Un intérêt d'une Overtura unifiée, c'est que, propulsée dans un bon tempo comme ici, la première fugue est d'emblée irrésistible sans qu'il soit nécessaire pour autant de la barder de piquants. Cette interprétation semble placée sous le signe de la continuité du mouvement. Les timbres sont très beaux. Le sujet, très allant, a beaucoup d'énergie sans être agressif. La première section (S1, 0'51''-1'37''), très rigoureuse, maîtrisée et implacable, est l'ouverture ou l'exposition de la fugue, la deuxième (S2, lettres A [1'37''] et B [2'13''], 1'37''-3'04'') la catastrophe harmonique ou le lieu d'affrontement des logiques de la fugue et de la sonate, la troisième (S3, lettre C, 3'04''-3'55'') une forme de récapitulation des prérogatives contrapuntiques, la dernière (S4, lettre D, 3'55''-4'35'') le dépassement des antagonismes sonate/fugue pour une acmé très brève. Les tempos et leurs rapports ne sont pas très différents de ceux adoptés par la version A3 (on est à trois ou quatre pour cent seulement de la célérité de A3), mais je trouve que les enjeux formels sont beaucoup plus perceptibles ici. Je trouve que cet aspect n'est jamais plus évident que dans la seconde moitié de S2 (lettre B, 2'13''-3'04''), qui comporte les trois dernières entrées du contre-sujet dans S2, de plus en plus liquidées, la modulation principale, la pulvérisation du contre-sujet et une immense cadence pour ramener de l'ordre et en finir avec ces ambiguïtés harmoniques. Sous le coup de butoir harmonique, la structure contrapuntique fléchit face au « nouveau contenu poétique » que Beethoven veut y insuffler. Mais ce n'est pas pour ça que les interprètes doivent fléchir dans leur jeu. C'est le moment le plus dramatique, avec ses septièmes diminuées : il faut indiquer comment Beethoven s'en sort. À mon avis, cette interprétation est ici très réussie, jusque dans la cadence où, pour la première fois, tout leur arsenal est sollicité. Du coup, la section S3 sonne avec le sérieux requis. On ne cherche pas à faire étalage de force, d'énergie ou de brutalité ; on sait qu'on a une idée à exprimer et on le fait, point. Rien de frustrant là dedans : la section S4 est une jubilation permanente (celle des triolets dans un registre limpide, du contre-sujet dans son accomplissement longtemps refusé, du sujet dans une tessiture enfin compatible avec son énergie irrépressible).

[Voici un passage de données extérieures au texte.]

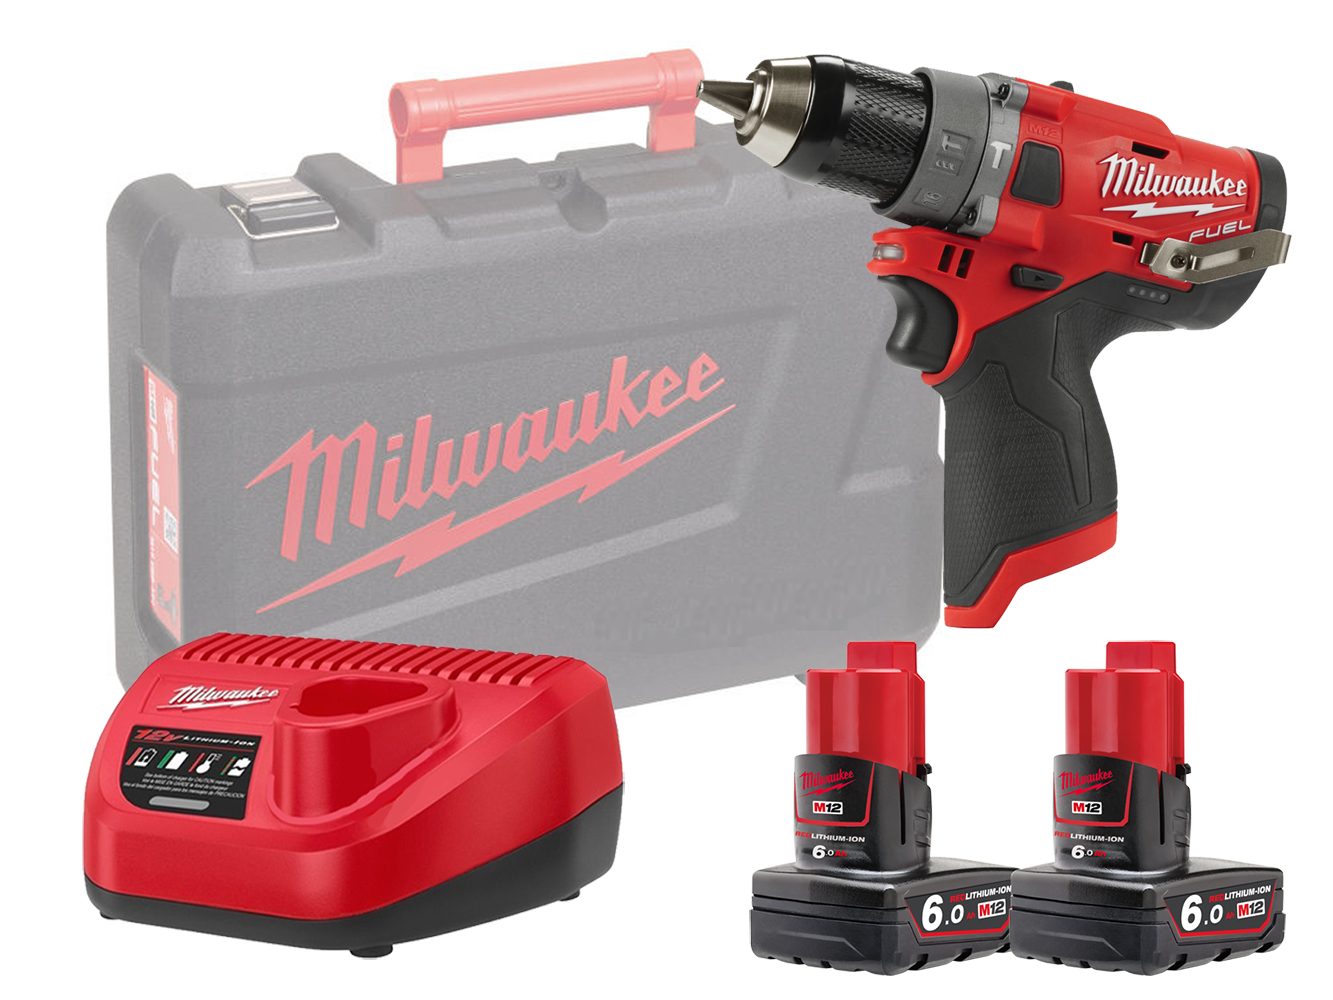 Milwaukee M12FPD 12V Fuel Sub Compact Percussion Drill (Combi Drill) 2-Speed - 6.0Ah Pack

Le petit extrait du Meno mosso e moderato renoue avec les qualités de son évocation dans l'Overtura : des textures très différentes et des phrasés qui, s'ils ne sont pas très hiératiques ou distanciés et évoquent un peu l'élégie, le font sans complaisance et avec une grande écoute mutuelle.
En fin de compte, après avoir hésité, je préfère placer A2 et A4 à égalité en tête. Mon classement pour le groupe A : {A2, A4} >> A3 >> A1.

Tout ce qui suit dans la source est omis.